Crop, either barley or wheat – no rotation at all
Within the forty-odd years of my recall.
A field at the top of a ridge, with a path running through it.
Unlovely in winter, especially after a frost,
When the half-thawed Hampshire clay clogs onto one's boots
Inch thick, and people have trampled the wan wheat shoots
Side-stepping the worst of the mire, so the line is lost.
But come back in March, when the crop is suddenly growing.
Our feet have decided: this time the path runs here.
Not ruler-straight, but a line like a natural shear
Between leaves that arch, sway, shimmer, seem to be flowing.
Or, better, July. Now, barely a walker wide,
A wriggling cleft runs between cliffs of stalks,
Hip-high to an adult. One raises one's arms as one walks
Rather than rasp on the stems upon either side.
Yes, now is the moment. A stranger might sense the wonder –
Perhaps be struck by it no less strongly than I –
How this canyon carved by a river of passers-by
Runnels down through the surface of time into layers long under.

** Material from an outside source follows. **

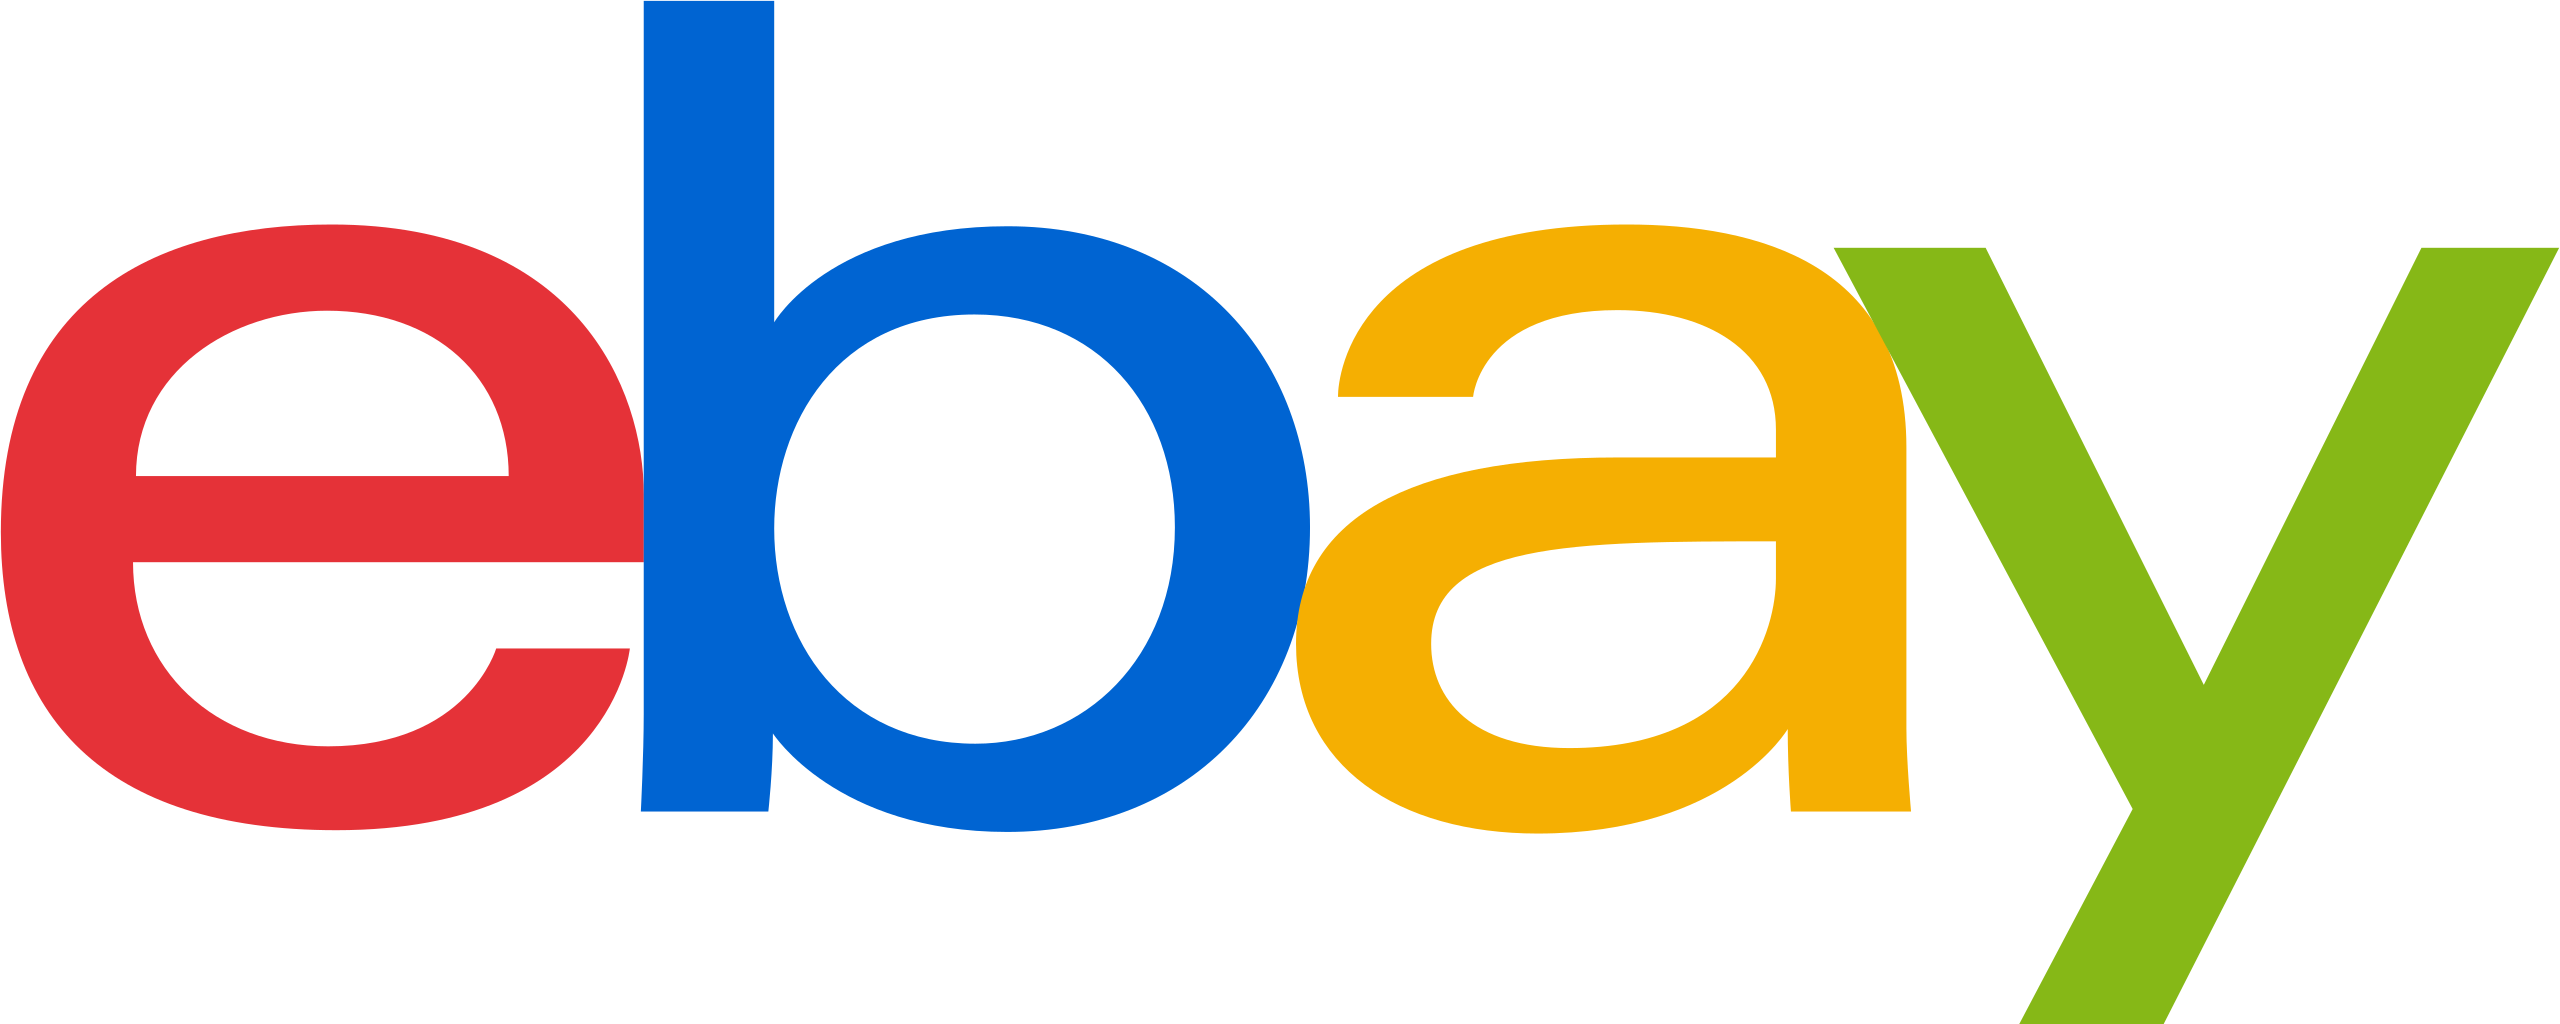 File:EBay logo.svg - Wikimedia Commons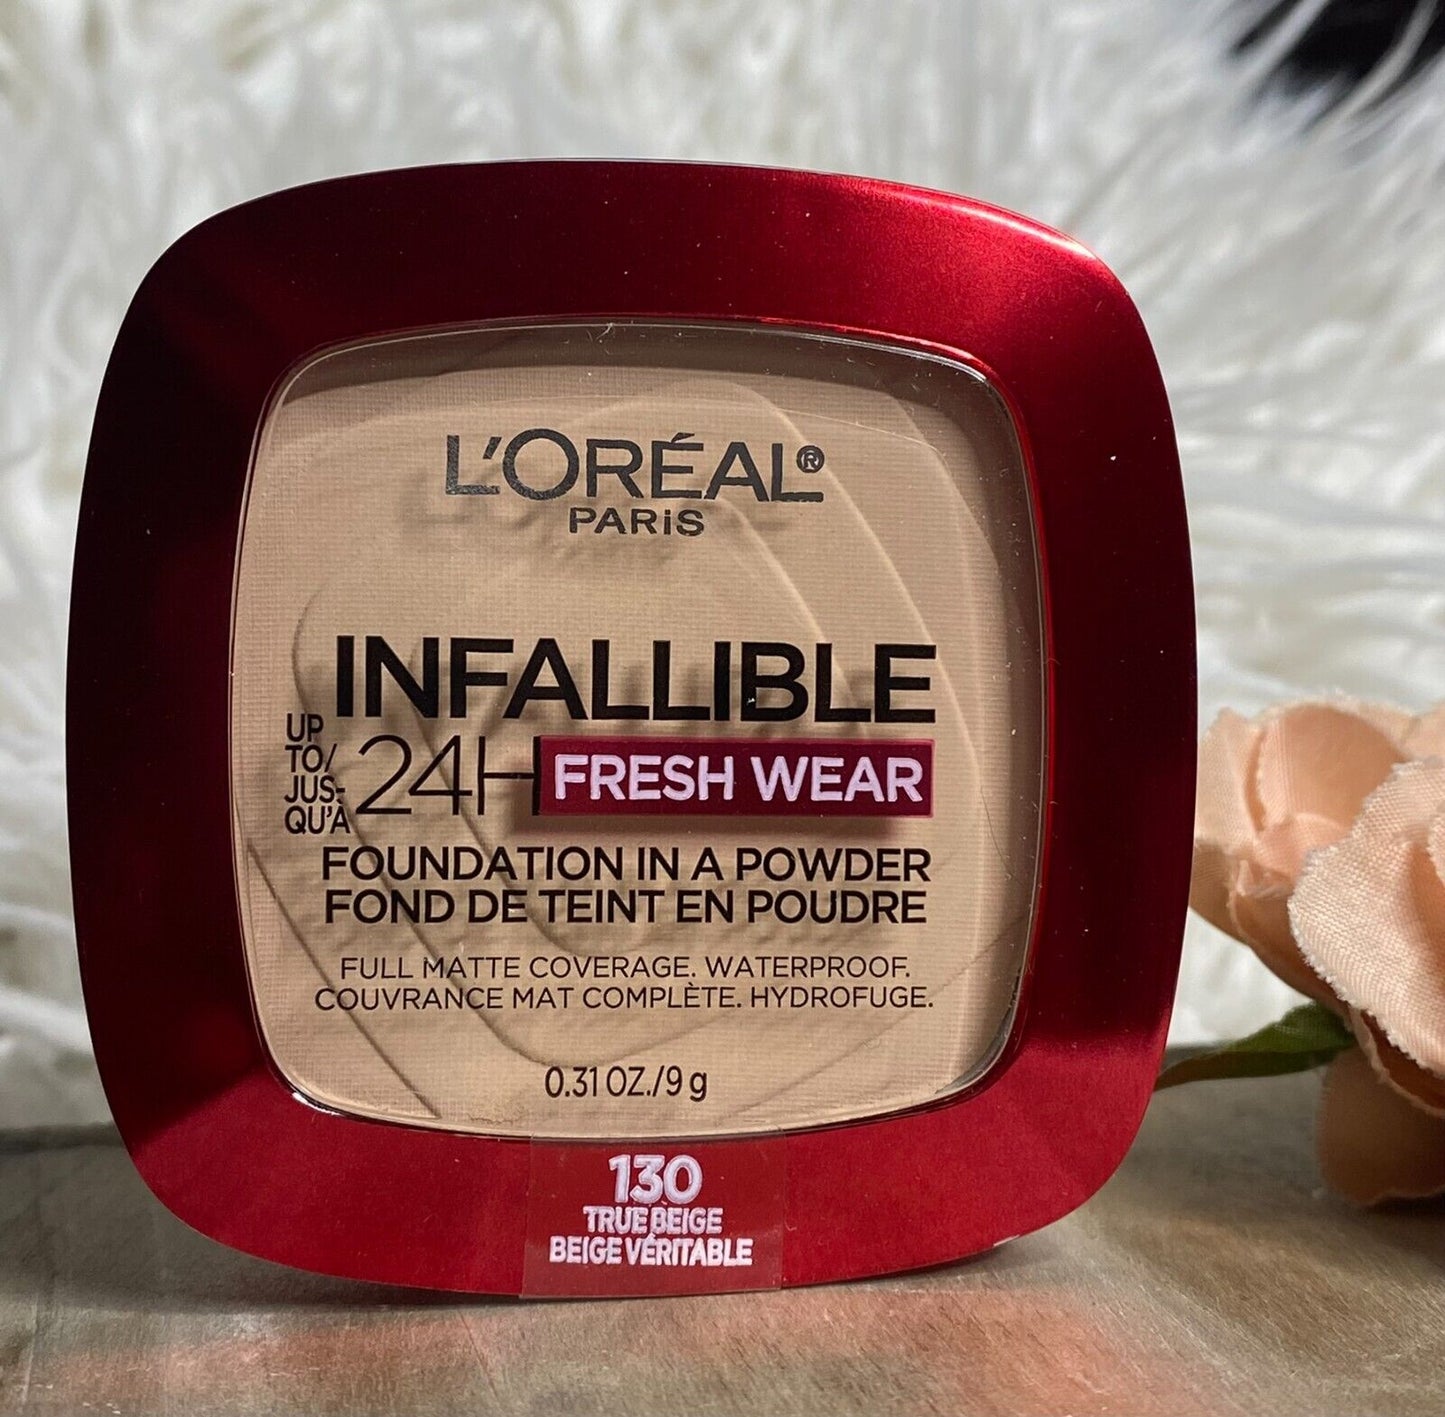 L'Oreal Infallible 24H Freshwear Face Powder - 130 True Beige

Combine and baler come, but the path persists,
Sharply defined through the stubble. Then comes the plough,
Heaving up foot-deep clods, and where is it now?
Gone from the face of the earth. But still it exists.
Stumbling we trudge the tilted ridges, taking
Each our own route, because there is little to show
Where whoever came next before us elected to go.
We leave no path. But then come the harrows, raking
The clods to a tilth. They scrape used parchment clean
For the seeder to pen fresh lines. We cross with our one.
In less than a week, unnoticed, the thing is done.
The footpath runs through its field. So where has it been?
It is marked on the earliest survey I can find,
But that mark isn't it, not the actual footpath worn
By the feet of the dead for the feet of the not yet born.
That exists, as it centuries has, in our communal mind,
Within which mind the crop stands always full grown,
The path bears the print of those generations of feet,
And we walk through the orient and immortal wheat,
Which never should be reaped, nor was ever sown.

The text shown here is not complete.